Exercise directions:
Return every line below exactly.

Supplied material:
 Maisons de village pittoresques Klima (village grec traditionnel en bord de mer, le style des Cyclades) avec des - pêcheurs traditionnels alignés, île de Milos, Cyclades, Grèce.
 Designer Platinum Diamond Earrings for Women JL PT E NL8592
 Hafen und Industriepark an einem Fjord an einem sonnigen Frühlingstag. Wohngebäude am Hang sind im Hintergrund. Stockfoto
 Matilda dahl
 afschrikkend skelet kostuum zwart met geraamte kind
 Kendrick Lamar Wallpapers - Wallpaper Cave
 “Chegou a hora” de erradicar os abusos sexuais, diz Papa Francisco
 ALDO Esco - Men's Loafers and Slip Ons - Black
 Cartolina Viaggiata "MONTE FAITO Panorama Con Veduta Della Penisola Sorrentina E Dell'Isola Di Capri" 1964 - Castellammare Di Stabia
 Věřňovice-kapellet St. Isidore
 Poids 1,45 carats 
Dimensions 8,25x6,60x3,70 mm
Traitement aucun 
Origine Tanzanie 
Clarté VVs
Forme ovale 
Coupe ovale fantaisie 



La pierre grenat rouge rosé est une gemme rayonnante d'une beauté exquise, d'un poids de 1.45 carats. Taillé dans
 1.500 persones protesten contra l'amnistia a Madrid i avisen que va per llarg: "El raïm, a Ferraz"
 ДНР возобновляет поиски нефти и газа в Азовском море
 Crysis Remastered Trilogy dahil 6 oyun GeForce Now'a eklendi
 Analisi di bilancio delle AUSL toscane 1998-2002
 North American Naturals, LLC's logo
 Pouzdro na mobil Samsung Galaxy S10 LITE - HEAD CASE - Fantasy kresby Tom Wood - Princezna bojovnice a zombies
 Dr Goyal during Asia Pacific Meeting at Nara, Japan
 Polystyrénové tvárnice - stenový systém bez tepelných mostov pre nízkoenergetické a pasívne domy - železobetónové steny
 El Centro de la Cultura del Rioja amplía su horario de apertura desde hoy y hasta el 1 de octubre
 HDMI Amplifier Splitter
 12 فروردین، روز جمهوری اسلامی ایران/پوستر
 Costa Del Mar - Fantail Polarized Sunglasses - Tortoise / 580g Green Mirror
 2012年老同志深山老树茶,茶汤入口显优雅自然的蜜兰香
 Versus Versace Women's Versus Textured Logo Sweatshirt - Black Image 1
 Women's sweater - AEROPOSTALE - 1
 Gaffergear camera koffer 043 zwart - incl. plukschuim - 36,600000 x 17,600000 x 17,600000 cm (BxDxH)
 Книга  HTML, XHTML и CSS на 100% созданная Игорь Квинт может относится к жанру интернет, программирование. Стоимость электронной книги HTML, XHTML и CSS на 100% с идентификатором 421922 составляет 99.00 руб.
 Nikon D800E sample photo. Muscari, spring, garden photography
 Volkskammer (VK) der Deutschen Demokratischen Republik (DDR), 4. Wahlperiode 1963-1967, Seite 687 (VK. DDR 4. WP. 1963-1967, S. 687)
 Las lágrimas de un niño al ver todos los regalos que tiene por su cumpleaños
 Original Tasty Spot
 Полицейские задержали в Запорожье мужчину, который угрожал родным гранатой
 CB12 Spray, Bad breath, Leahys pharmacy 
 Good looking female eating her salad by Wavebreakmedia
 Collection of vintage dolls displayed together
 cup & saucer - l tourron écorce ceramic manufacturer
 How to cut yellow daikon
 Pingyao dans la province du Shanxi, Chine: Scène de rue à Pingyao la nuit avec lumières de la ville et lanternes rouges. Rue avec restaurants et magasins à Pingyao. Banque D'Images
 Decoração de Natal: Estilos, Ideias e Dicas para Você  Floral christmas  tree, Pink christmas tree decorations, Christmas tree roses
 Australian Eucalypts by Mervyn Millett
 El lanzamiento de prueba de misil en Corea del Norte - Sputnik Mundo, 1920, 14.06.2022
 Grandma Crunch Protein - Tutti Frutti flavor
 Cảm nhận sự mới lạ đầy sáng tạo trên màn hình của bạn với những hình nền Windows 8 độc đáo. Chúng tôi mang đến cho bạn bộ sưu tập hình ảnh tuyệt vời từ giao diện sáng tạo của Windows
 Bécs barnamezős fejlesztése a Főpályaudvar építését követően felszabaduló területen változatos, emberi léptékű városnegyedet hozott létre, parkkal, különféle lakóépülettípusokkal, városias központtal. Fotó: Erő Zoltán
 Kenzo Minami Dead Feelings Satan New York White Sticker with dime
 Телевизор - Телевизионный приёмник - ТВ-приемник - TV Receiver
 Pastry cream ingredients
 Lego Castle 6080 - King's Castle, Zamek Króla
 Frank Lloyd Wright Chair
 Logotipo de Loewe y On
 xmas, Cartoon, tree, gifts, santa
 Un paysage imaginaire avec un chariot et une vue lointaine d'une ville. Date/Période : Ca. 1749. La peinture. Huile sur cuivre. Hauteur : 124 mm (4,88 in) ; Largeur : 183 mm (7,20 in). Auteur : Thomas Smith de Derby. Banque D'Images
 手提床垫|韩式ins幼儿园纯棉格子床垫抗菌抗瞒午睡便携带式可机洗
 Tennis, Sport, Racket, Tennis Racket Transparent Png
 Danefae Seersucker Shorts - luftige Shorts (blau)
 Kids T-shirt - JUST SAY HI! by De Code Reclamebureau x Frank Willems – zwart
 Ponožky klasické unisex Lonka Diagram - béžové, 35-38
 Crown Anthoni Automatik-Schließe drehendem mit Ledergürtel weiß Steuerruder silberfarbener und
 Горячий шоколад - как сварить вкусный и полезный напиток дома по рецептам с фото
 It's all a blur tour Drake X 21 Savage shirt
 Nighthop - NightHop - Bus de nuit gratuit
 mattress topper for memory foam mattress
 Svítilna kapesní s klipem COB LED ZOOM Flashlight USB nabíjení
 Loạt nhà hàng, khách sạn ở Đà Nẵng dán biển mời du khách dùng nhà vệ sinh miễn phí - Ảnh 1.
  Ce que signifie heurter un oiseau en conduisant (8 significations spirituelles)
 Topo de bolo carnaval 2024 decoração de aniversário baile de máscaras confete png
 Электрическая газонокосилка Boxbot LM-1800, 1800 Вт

Solution to this task:
 Maisons de village pittoresques Klima (village grec traditionnel en bord de mer, le style des Cyclades) avec des - pêcheurs traditionnels alignés, île de Milos, Cyclades, Grèce.
 Designer Platinum Diamond Earrings for Women JL PT E NL8592
 Hafen und Industriepark an einem Fjord an einem sonnigen Frühlingstag. Wohngebäude am Hang sind im Hintergrund. Stockfoto
 Matilda dahl
 afschrikkend skelet kostuum zwart met geraamte kind
 Kendrick Lamar Wallpapers - Wallpaper Cave
 “Chegou a hora” de erradicar os abusos sexuais, diz Papa Francisco
 ALDO Esco - Men's Loafers and Slip Ons - Black
 Cartolina Viaggiata "MONTE FAITO Panorama Con Veduta Della Penisola Sorrentina E Dell'Isola Di Capri" 1964 - Castellammare Di Stabia
 Věřňovice-kapellet St. Isidore
 Poids 1,45 carats 
Dimensions 8,25x6,60x3,70 mm
Traitement aucun 
Origine Tanzanie 
Clarté VVs
Forme ovale 
Coupe ovale fantaisie 



La pierre grenat rouge rosé est une gemme rayonnante d'une beauté exquise, d'un poids de 1.45 carats. Taillé dans
 1.500 persones protesten contra l'amnistia a Madrid i avisen que va per llarg: "El raïm, a Ferraz"
 ДНР возобновляет поиски нефти и газа в Азовском море
 Crysis Remastered Trilogy dahil 6 oyun GeForce Now'a eklendi
 Analisi di bilancio delle AUSL toscane 1998-2002
 North American Naturals, LLC's logo
 Pouzdro na mobil Samsung Galaxy S10 LITE - HEAD CASE - Fantasy kresby Tom Wood - Princezna bojovnice a zombies
 Dr Goyal during Asia Pacific Meeting at Nara, Japan
 Polystyrénové tvárnice - stenový systém bez tepelných mostov pre nízkoenergetické a pasívne domy - železobetónové steny
 El Centro de la Cultura del Rioja amplía su horario de apertura desde hoy y hasta el 1 de octubre
 HDMI Amplifier Splitter
 12 فروردین، روز جمهوری اسلامی ایران/پوستر
 Costa Del Mar - Fantail Polarized Sunglasses - Tortoise / 580g Green Mirror
 2012年老同志深山老树茶,茶汤入口显优雅自然的蜜兰香
 Versus Versace Women's Versus Textured Logo Sweatshirt - Black Image 1
 Women's sweater - AEROPOSTALE - 1
 Gaffergear camera koffer 043 zwart - incl. plukschuim - 36,600000 x 17,600000 x 17,600000 cm (BxDxH)
 Книга  HTML, XHTML и CSS на 100% созданная Игорь Квинт может относится к жанру интернет, программирование. Стоимость электронной книги HTML, XHTML и CSS на 100% с идентификатором 421922 составляет 99.00 руб.
 Nikon D800E sample photo. Muscari, spring, garden photography
 Volkskammer (VK) der Deutschen Demokratischen Republik (DDR), 4. Wahlperiode 1963-1967, Seite 687 (VK. DDR 4. WP. 1963-1967, S. 687)
 Las lágrimas de un niño al ver todos los regalos que tiene por su cumpleaños
 Original Tasty Spot
 Полицейские задержали в Запорожье мужчину, который угрожал родным гранатой
 CB12 Spray, Bad breath, Leahys pharmacy 
 Good looking female eating her salad by Wavebreakmedia
 Collection of vintage dolls displayed together
 cup & saucer - l tourron écorce ceramic manufacturer
 How to cut yellow daikon
 Pingyao dans la province du Shanxi, Chine: Scène de rue à Pingyao la nuit avec lumières de la ville et lanternes rouges. Rue avec restaurants et magasins à Pingyao. Banque D'Images
 Decoração de Natal: Estilos, Ideias e Dicas para Você  Floral christmas  tree, Pink christmas tree decorations, Christmas tree roses
 Australian Eucalypts by Mervyn Millett
 El lanzamiento de prueba de misil en Corea del Norte - Sputnik Mundo, 1920, 14.06.2022
 Grandma Crunch Protein - Tutti Frutti flavor
 Cảm nhận sự mới lạ đầy sáng tạo trên màn hình của bạn với những hình nền Windows 8 độc đáo. Chúng tôi mang đến cho bạn bộ sưu tập hình ảnh tuyệt vời từ giao diện sáng tạo của Windows
 Bécs barnamezős fejlesztése a Főpályaudvar építését követően felszabaduló területen változatos, emberi léptékű városnegyedet hozott létre, parkkal, különféle lakóépülettípusokkal, városias központtal. Fotó: Erő Zoltán
 Kenzo Minami Dead Feelings Satan New York White Sticker with dime
 Телевизор - Телевизионный приёмник - ТВ-приемник - TV Receiver
 Pastry cream ingredients
 Lego Castle 6080 - King's Castle, Zamek Króla
 Frank Lloyd Wright Chair
 Logotipo de Loewe y On
 xmas, Cartoon, tree, gifts, santa
 Un paysage imaginaire avec un chariot et une vue lointaine d'une ville. Date/Période : Ca. 1749. La peinture. Huile sur cuivre. Hauteur : 124 mm (4,88 in) ; Largeur : 183 mm (7,20 in). Auteur : Thomas Smith de Derby. Banque D'Images
 手提床垫|韩式ins幼儿园纯棉格子床垫抗菌抗瞒午睡便携带式可机洗
 Tennis, Sport, Racket, Tennis Racket Transparent Png
 Danefae Seersucker Shorts - luftige Shorts (blau)
 Kids T-shirt - JUST SAY HI! by De Code Reclamebureau x Frank Willems – zwart
 Ponožky klasické unisex Lonka Diagram - béžové, 35-38
 Crown Anthoni Automatik-Schließe drehendem mit Ledergürtel weiß Steuerruder silberfarbener und
 Горячий шоколад - как сварить вкусный и полезный напиток дома по рецептам с фото
 It's all a blur tour Drake X 21 Savage shirt
 Nighthop - NightHop - Bus de nuit gratuit
 mattress topper for memory foam mattress
 Svítilna kapesní s klipem COB LED ZOOM Flashlight USB nabíjení
 Loạt nhà hàng, khách sạn ở Đà Nẵng dán biển mời du khách dùng nhà vệ sinh miễn phí - Ảnh 1.
  Ce que signifie heurter un oiseau en conduisant (8 significations spirituelles)
 Topo de bolo carnaval 2024 decoração de aniversário baile de máscaras confete png
 Электрическая газонокосилка Boxbot LM-1800, 1800 Вт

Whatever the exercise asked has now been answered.